(a) 5445:- Sum of the given digits at odd places = 5 + 4 = 9
Sum of the given digits at even places = 4 + 5 = 9
Difference = 9 – 9 = 0
As the difference between the sum of the digits at odd places and sum of the digits at even place is 0.
Therefore, 5445 is divisible by 11.
(b) 10824:-
Sum of the given digits at odd places = 4 + 8 + 1 = 13
Sum of the given digits at even places = 2 + 0 = 2
Difference = 13 – 2 = 11
The difference between the sum of the digits at odd places and the sum of the digit at even places is 11. Which is divisible by 11. Therefore 10824 is divisible by 11.
(c) 7138965:-
Sum of the given digits at odds places = 5 + 9 + 3 + 7 = 24
Sum of the given digits at even places = 6 + 8 + 1 = 15.
Difference = 24 – 15 = 9.
The difference between the sum of the digits at odd places and the sum of digits at even place is 9,
Which is not divisible by 11.
∴ 7138965 is not divisible by 11.
(d) 70169308:-
Sum of the digits at odd places = 8 + 3 + 6 + 0 = 17
Sum of digits at even places = 0 + 9 + 1 + 7 = 17
Difference = 17 – 17 = 0
As the difference between the sum of the digits at odd places and the sum of the digits at even place is 0.

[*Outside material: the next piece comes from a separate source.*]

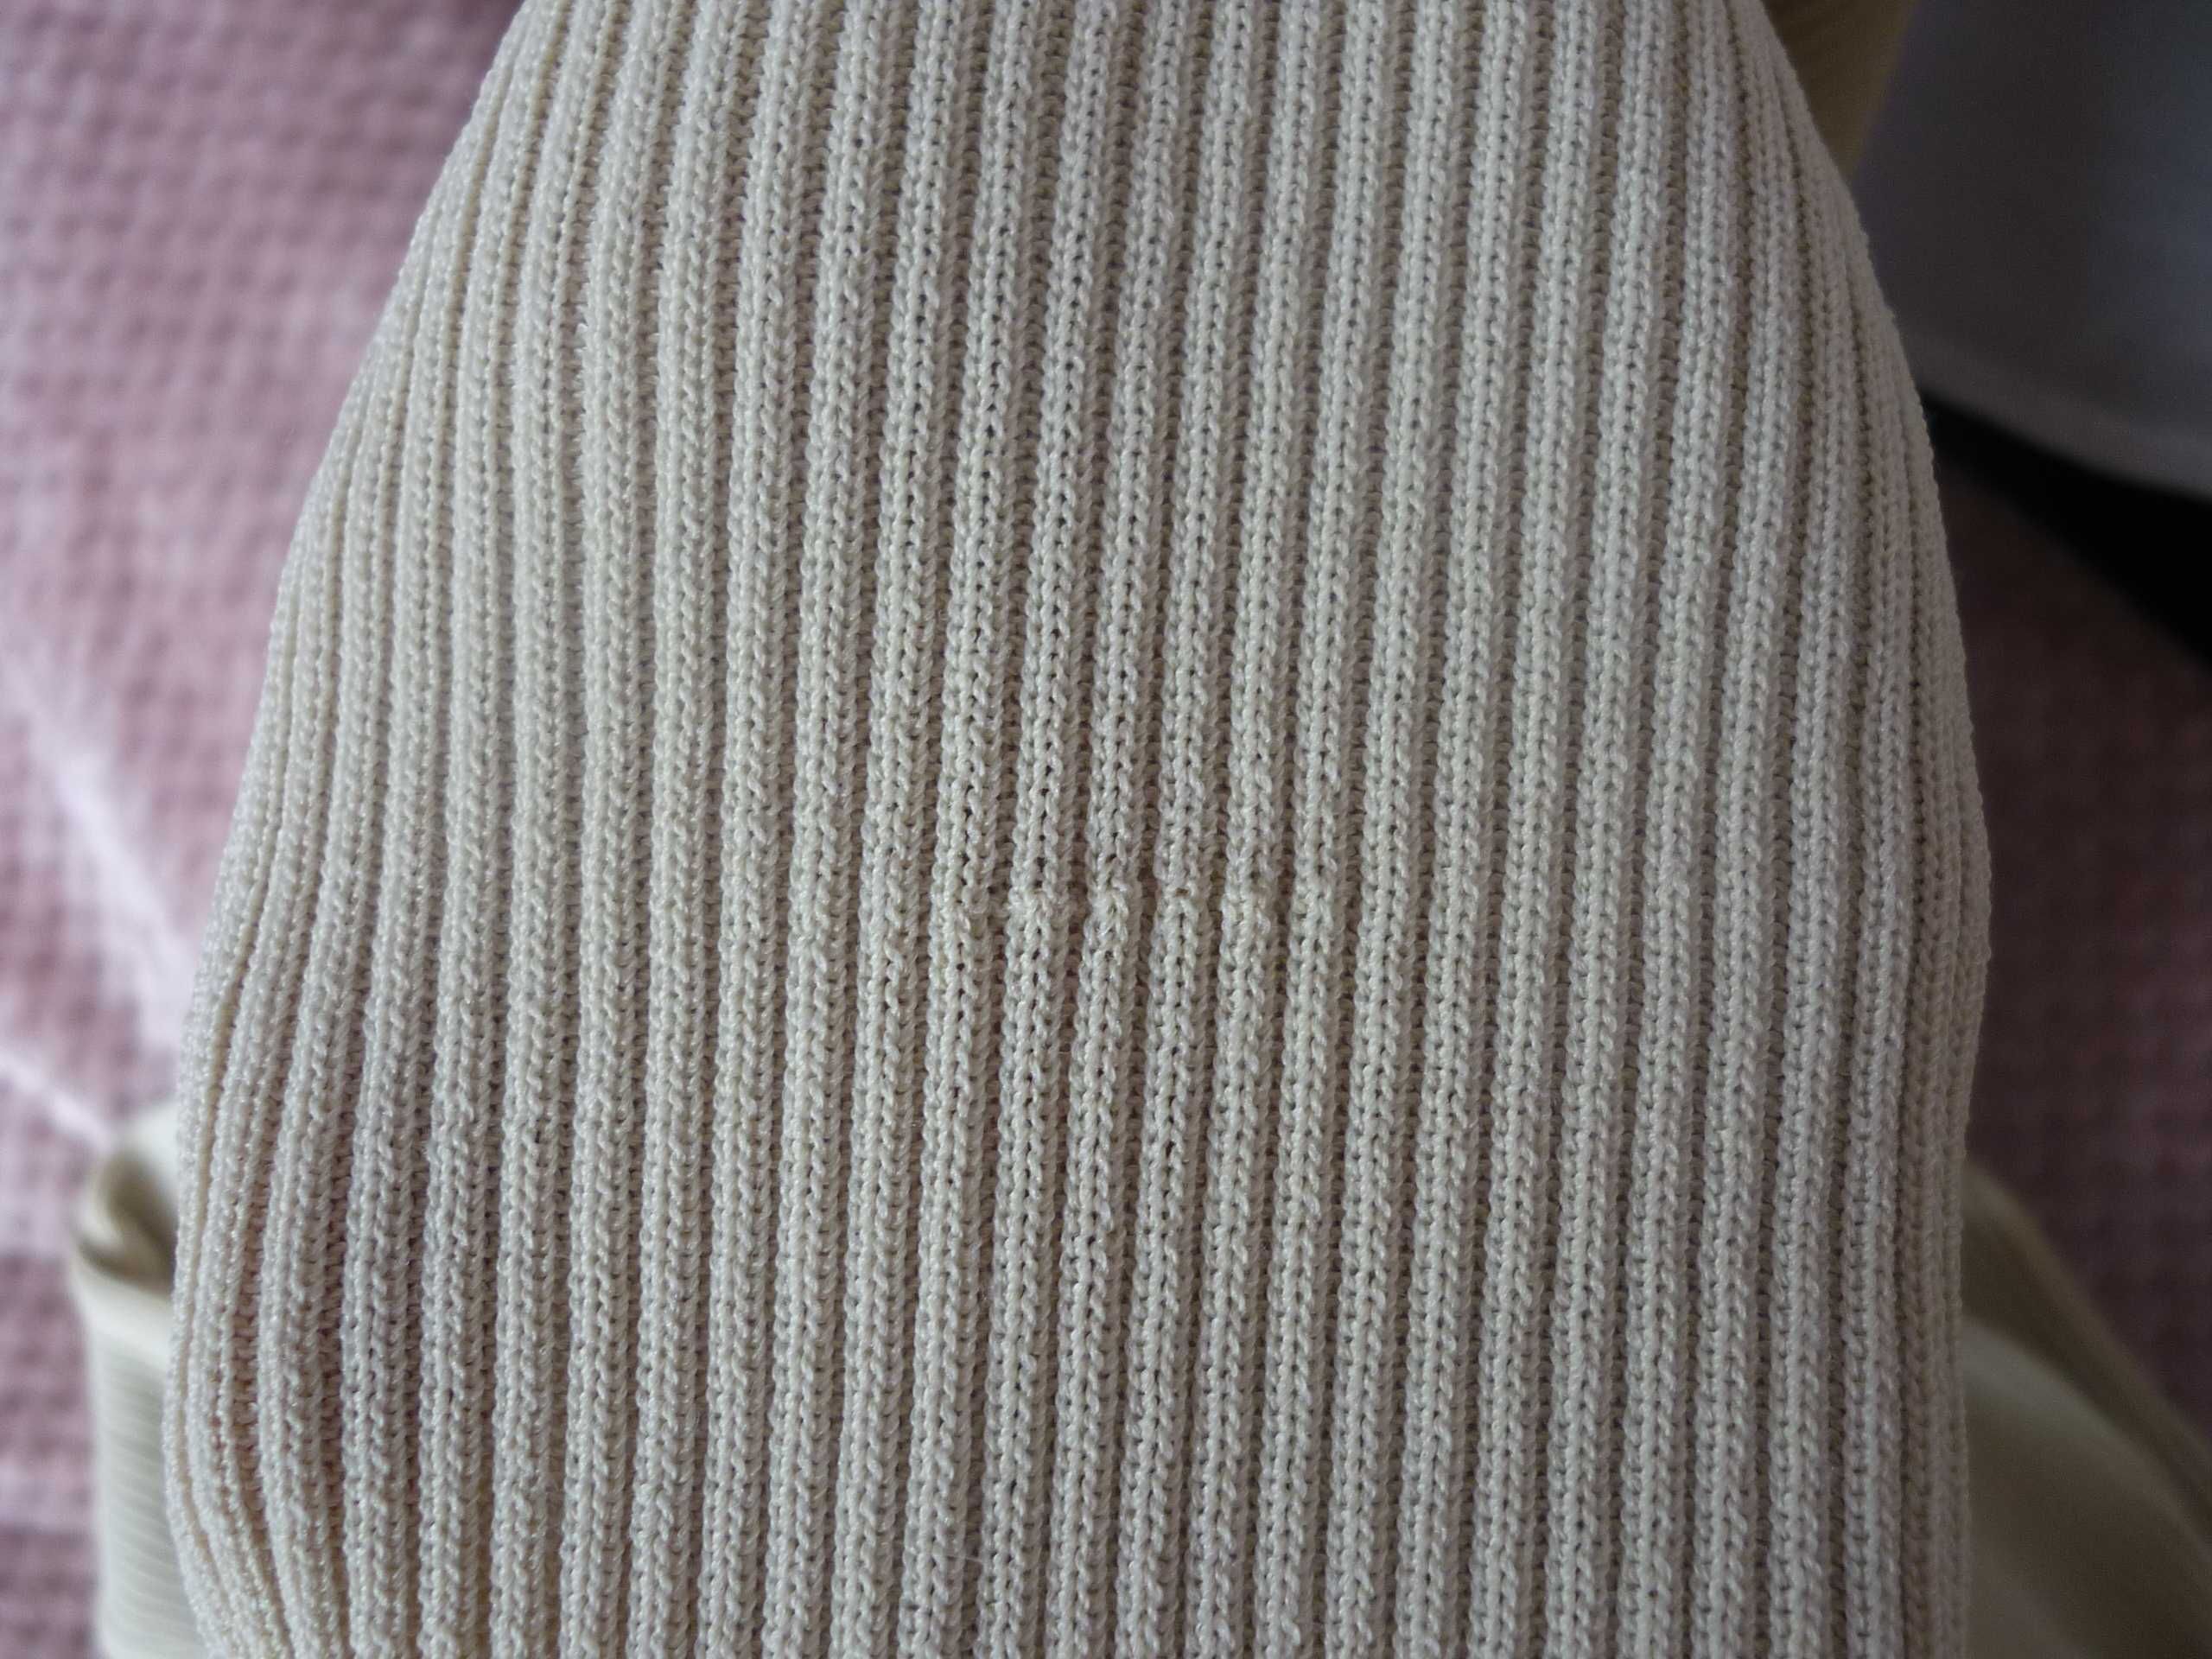 Kardigan, długi sweter firmy DKNY w rozmiarze M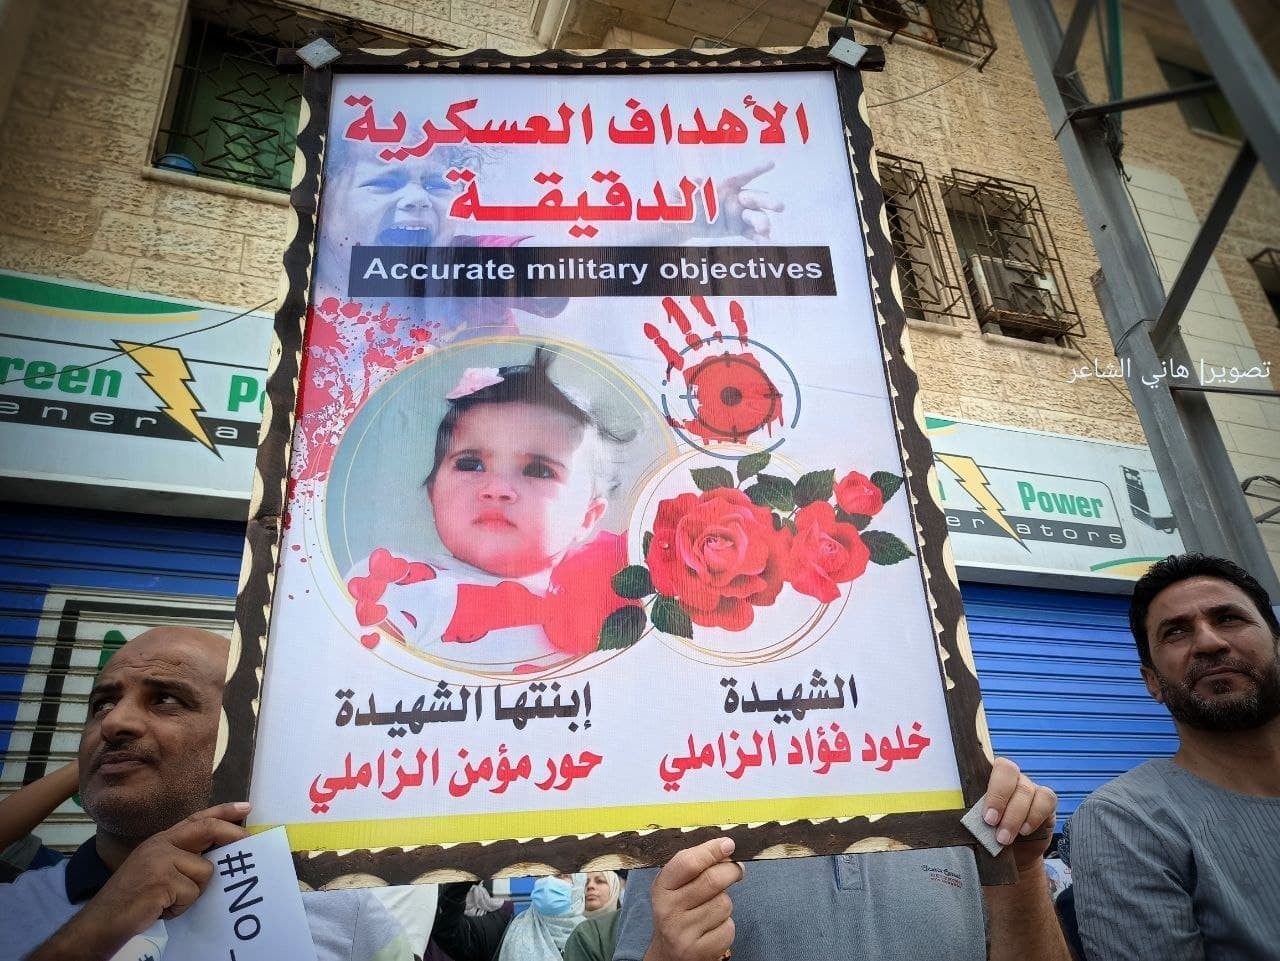 لآلاف يخرجون في غزة للمطالبة بإقالة مدير عمليات الوكالة ماتياس شمالي 33

Therefore, 70169308 is divisible by 11.
(e) 10000001:-
Sum of the digits at odd places=1 1
Sum of the digits even place = 1
Difference = 1 – 1 = 0
As the difference the sum of the digits at odd places and the sum of the digits at even places is 0. therefore 10000001 is divisible by 11.
(f) 901153:-
Sum of the digits at odd places = 3 + 1 + 0 = 4.
Sum of the digits at even places = 5 + 1 + 9 = 15
Difference = 15 – 4 = 11
The difference between the sum of the digits at odd places and the sum of the digits at even places is 11, Which is divisible by 11.
Therefore, 901153 is divisible by 11.